NOTE: On 2003 August 23 I read an article by Keith Devlin of Devlin's Angle, insisting that the probability of the contestant winning if he switches is 2/3. I will stick with what I say in this article, which says that there is not enough information in the statement of the problem to solve it. But in reviewing this article I did find an error: if Monty Hall uses a 50%-50% split for the Door 3 only and the goat only methods, the probability that the contestant wins if he switches is 8/13, not 7/12. I explain this later in the article. I also revised the rest of this article slightly.

A number of years ago, a probability problem based on the show "Let's Make a Deal", with its host Monty Hall, seemed simple enough, but it has created a large number of papers due to the controversy it aroused. It apparently came from one episode of the show. In this episode, a contestant was confronted with three doors:

 1 2 3

and was asked to pick one. The contestant picked number 1. The master of ceremonies opened door 3, to reveal a goat:

 1 2 3

He then offered the contestant this deal: the contestant can, if she wants to, switch doors and choose number 2 instead of number 1. The question now is: should the contestant switch? Further, what is the probability of winning if the customer does not switch, and what is the probability of winning if the customer does switch?

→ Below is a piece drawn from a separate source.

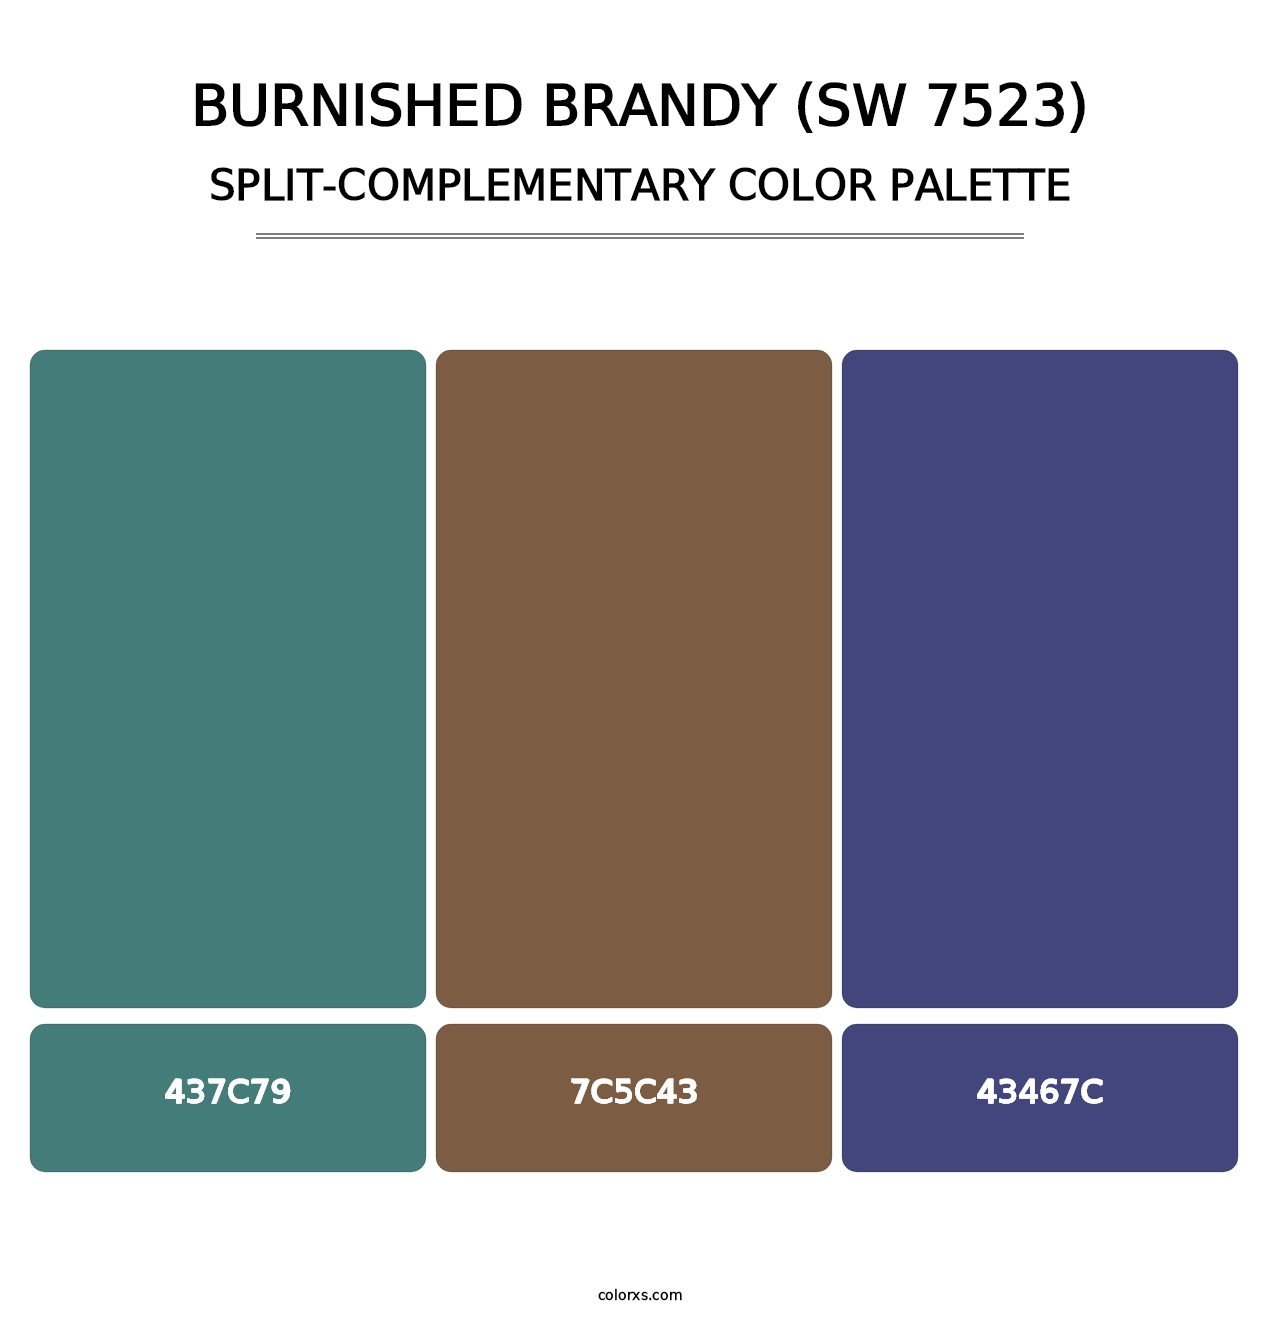 Burnished Brandy (SW 7523) - Split-Complementary Color Palette

It looked fairly easy. There were three doors. The goat could be behind each, so the probably was 1/3 for the goat being behind each door. The opening of a door eliminates a door and a goat, meaning there is only a car and a goat to consider. Since there are now two possibilities, and the odds were initially the same for each goat, it would appear they are still the same for the remaining doors, so the probability that the car is behind door 1 is now 1/2, and that behind door 2 is also 1/2, so it appears not to make any difference which door you choose. The mathematicians attempted to demonstrate this using a complex formulation known as Bayes' formula:

p(c1|g3) = p(g3|c1)p(c1)/[ (p(g3|c1)p(c1) + p(g3|c2)p(c2) + p(g3|c3)p(c3) ]

= 1* (1/3) / [ 1 * (1/3) + 1 * (1/3) + 0 * (1/3) ] = 1/2

where gi is the probability that there is a goat behind door i, ci is the probability that there is a car behind door i, p(x) is the probability of x, and p(x|y) is the probability of y.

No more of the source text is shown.